Trump’s wild claims of rabid evil Democrats hankering for infanticide might seem, at first, to be directed only at his political opponents and their supporters rather than at “the Jews.” But ask him or his audience why his claims aren’t being reported on and condemned in “the media,” or why they think “coastal elites” and “intellectuals” and “Hollywood” are so depraved and debased as not to share their ginned-up outrage over the imaginary martyrdom of countless innocent infants and you’ll get an answer no different from the one you’d have heard from Thomas and all the other good Christians in Norwich back in 1150.

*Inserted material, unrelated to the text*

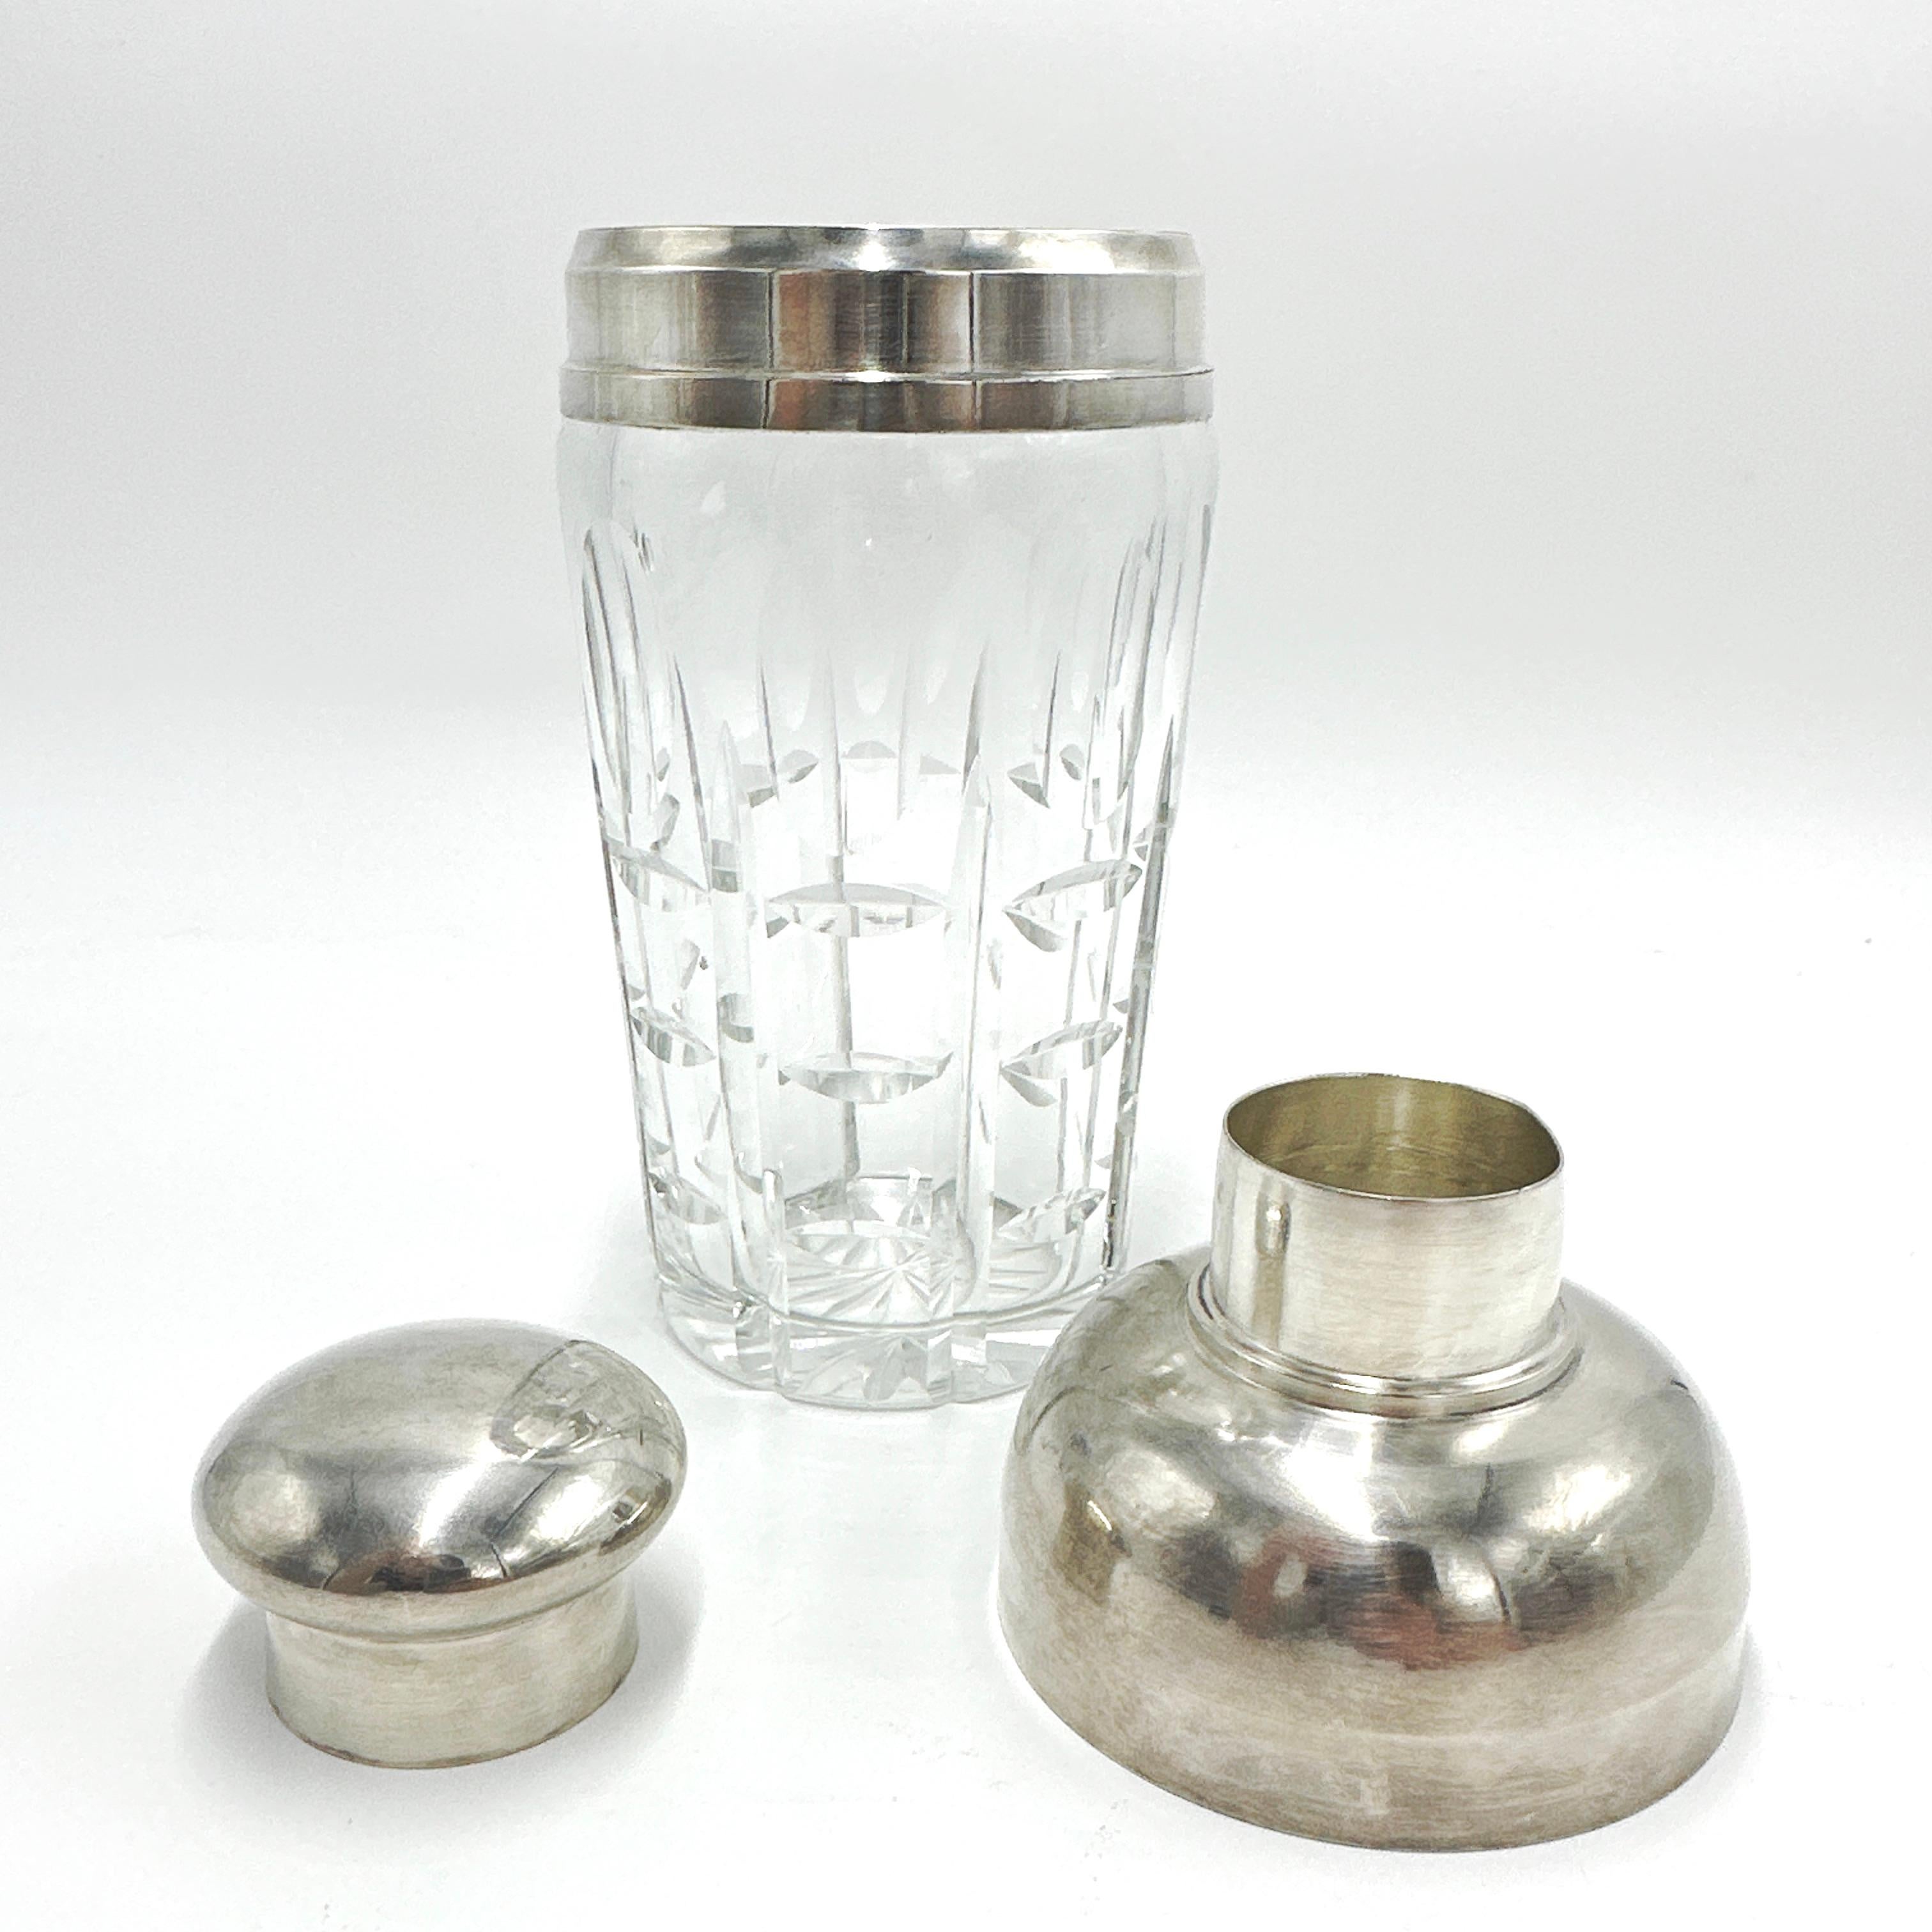 French Art Deco Chrome and Crystal Martini Shaker 1

Consider the parallel arguments from two Orthodox Presbyterian terrorists. Paul Jennings Hill claimed he was taking up arms against a global conspiracy of Satanic baby-killers just like the one described by Thomas of Monmouth. And so Paul Hill killed two people at a Florida abortion clinic. Last week, a young man from the same white Southern-gothic Presbyterian denomination claimed he was taking up arms against a global conspiracy of Satanic baby-killers and so he killed one woman and injured three other people attacking a synagogue in Poway, California.

It’s Thomas of Monmouth’s world. We’re all just living in it.